Bodmer mostrò riserve nei confronti del risultato. Secondo la scheda dell’Historisches Museum Basel, il materiale e la tecnica impiegati non restituivano pienamente il carattere severamente astratto del disegno. Nel vetro la figura animale acquistava un volume compatto e una presenza narrativa più marcata; nel progetto originario, invece, il profilo doveva probabilmente conservare quella leggerezza lineare che caratterizzava i Drahtbilder. Il Gatto asimmetrico documenta così una traduzione problematica ma storicamente significativa: il passaggio dal segno sottile e spaziale di Bodmer alla massa luminosa del vetro, mediato dalle scelte tecniche del laboratorio muranese.[7]

 

 

Giorgio Catania

 

 

Note

[1] SIK-ISEA registra Walter Bodmer come pittore e scultore nato a Basilea il 12 agosto 1903 e morto nella stessa città il 3 giugno 1973. Il Dizionario storico della Svizzera concorda sul 12 agosto, ma indica come data di morte il 13 giugno. Il profilo commemorativo di Dorothea Christ reca invece nel titolo «14. August 1903 bis 3. Juni 1973». Per la nascita è stata accolta la concordanza fra SIK-ISEA e Dizionario storico della Svizzera; per la morte, quella fra SIK-ISEA, il repertorio delle collezioni Netter e la pubblicazione commemorativa del 1973.

[2] Tapan Bhattacharya, «Bodmer, Walter», in Dizionario storico della Svizzera, versione del 19 dicembre 2024; Walter Tschopp, Walter Bodmer. Maler und Plastiker 1903–1973. Zwischen Surrealismus und Konstruktion, pp. 15-38. Le fonti riportano gli studi alla Gewerbeschule dal 1919 al 1923, il soggiorno a Parigi e Collioure nel 1927-1928 e i viaggi in Spagna e Italia.

[3] Bodmer fu tra i fondatori della Gruppe 33 nel 1933, uscendone nel 1958; dal 1937 fece parte del direttivo di Allianz. Le due associazioni conservarono strutture e programmi distinti.

[4] Il Dizionario storico della Svizzera colloca nel 1936 l’avvio dei Drahtbilder e nel 1939 l’inizio dell’insegnamento alla Gewerbeschule.

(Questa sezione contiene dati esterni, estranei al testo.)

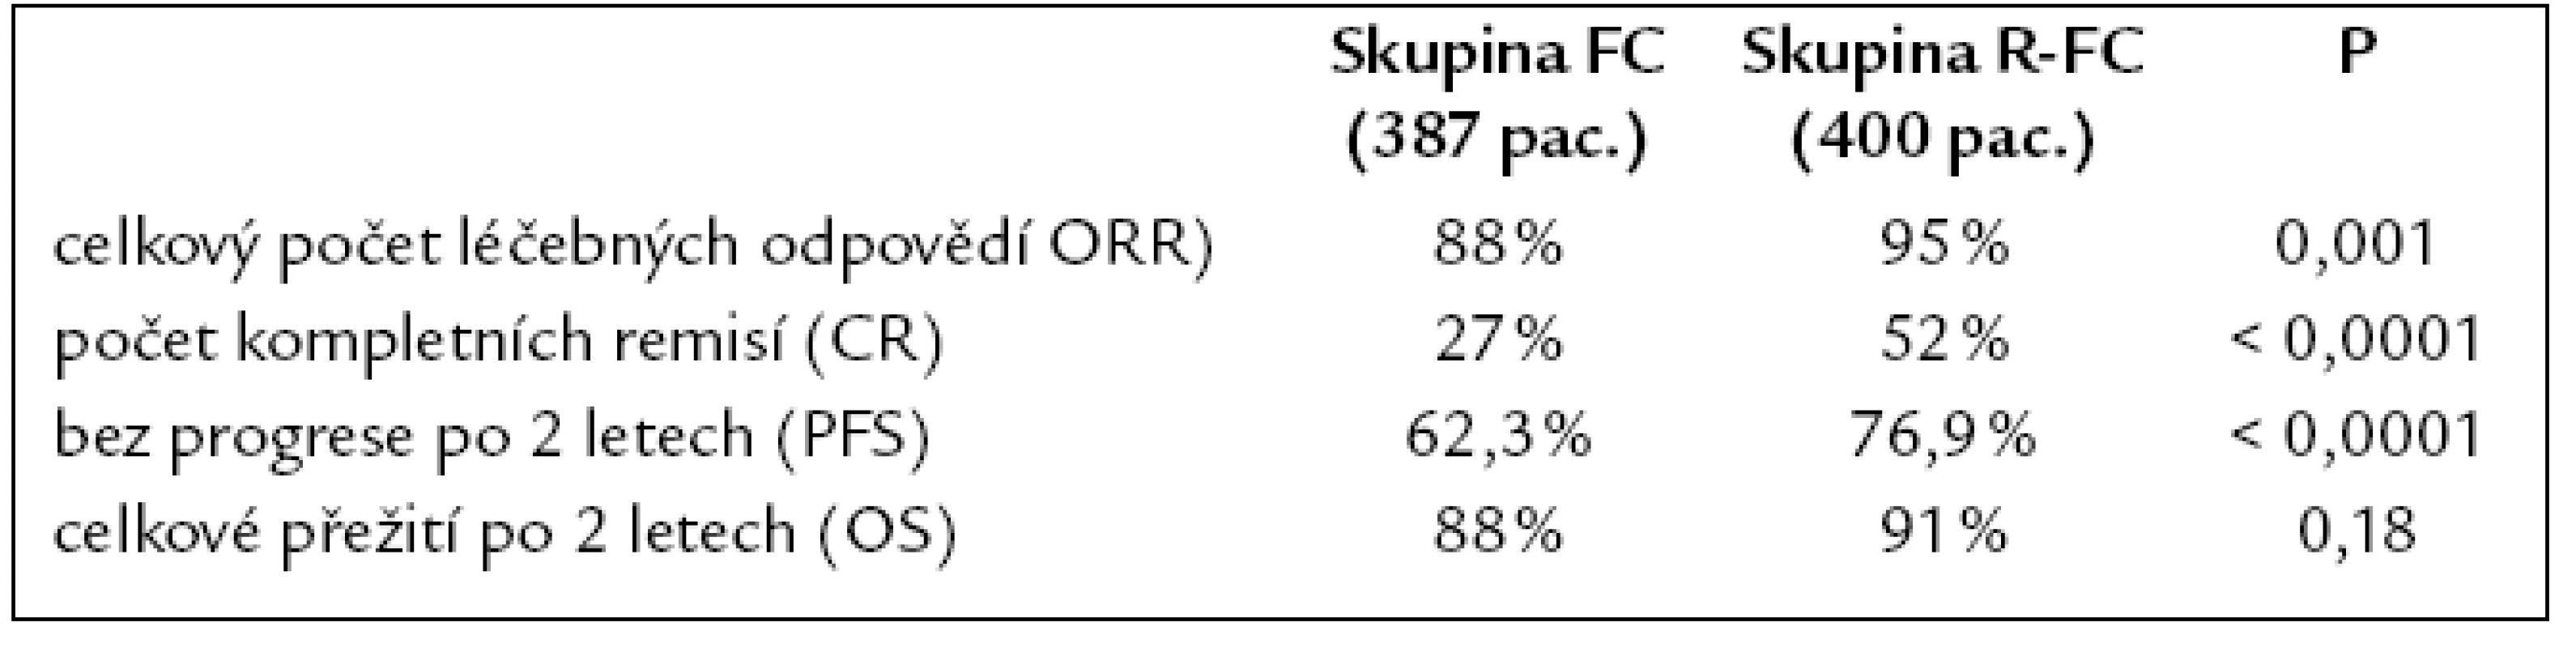 Výsledky klinické randomizované studi e fáze III srovnávající dvojkombinaci fludarabin a cyklofosfamid s trojkombinací rituximab + fludarabin a cyklofosfamid (fludarabin 25 mg/ m&lt;sup&gt;2&lt;/sup&gt; i.v. 1.– 3. den, cyklofosfamid 250 mg/ m&lt;sup&gt;2&lt;/sup&gt; i.v. 1.– 3. den, rituximab 375 mg/ m&lt;sup&gt;2&lt;/sup&gt; i.v. v 1. cyklu a 500 mg/ m&lt;sup&gt;2&lt;/sup&gt; v každém dalším cyklu, celkem 6 cyklů léčby [36].

Maria Netter esaminò precocemente il rapporto fra pittura, filo metallico e costruzione plastica nell’articolo del 1949.

[5] L’archivio della Kunsthalle Basel documenta nel febbraio 1932 una mostra con Otto Abt, Walter Bodmer, August Suter e Walter Kurt Wiemken; registra inoltre la partecipazione di Bodmer a Konkrete Kunst nel 1944. La Kunsthalle Bern conferma la mostra del maggio 1947. SIK-ISEA conserva fotografie dell’allestimento delle opere di Bodmer nel padiglione svizzero alla XXVIII Biennale di Venezia; l’archivio ufficiale di documenta lo include fra gli artisti della seconda edizione del 1959. Il comunicato della Solomon R. Guggenheim Foundation del 7 novembre 1956 indica Bodmer fra i vincitori dei premi nazionali e continentali da mille dollari, quale rappresentante della Svizzera.

[6] Historisches Museum Basel, inventario 1955.8.GM, Glasobjekt Asymmetrische Katze. La scheda assegna il progetto a Walter Bodmer, la realizzazione al Centro Studio Pittori Arte Vetro, la data al 1955 e registra un’altezza di trenta centimetri. La mostra basilese fu recensita da Maria Netter in Das Werk, nel dicembre 1955.

[7] La valutazione dell’esito deriva dalla documentazione dell’Historisches Museum Basel, secondo la quale la materia e la tecnica del vetro non rendevano pienamente giustizia all’astrazione del disegno e Bodmer affrontò con difficoltà il progetto. L’interpretazione del rapporto fra profilo lineare e volume vitreo è una lettura formale dell’opera alla luce dei suoi Drahtbilder.

 

 

Bibliografia

Tapan Bhattacharya, «Bodmer, Walter», in Dizionario storico della Svizzera, versione del 19 dicembre 2024.

Walter Tschopp, Walter Bodmer. Maler und Plastiker 1903–1973. Zwischen Surrealismus und Konstruktion, Editions Galerie «zem Specht», Basilea 1985.

Dorothea Christ, «Walter Bodmer 14. August 1903 bis 3. Juni 1973», in Basler Stadtbuch 1973, Christoph Merian Stiftung, Basilea 1973, pp. 209-218.

Walter Bodmer, Otto Tschumi, Teruko Yokoi, catalogo della mostra, Kunsthalle Basel, Basilea 1964.

Maria Netter, «Glaskunst aus Murano», in Das Werk. Architektur und Kunst, vol. 42, n. 12, Zurigo 1955, pp. 405-410.

Maria Netter, «Walter Bodmers Bilder und Drahtplastiken», in Das Werk. Architektur und Kunst, vol. 36, n. 6, Zurigo 1949, pp. 195-199.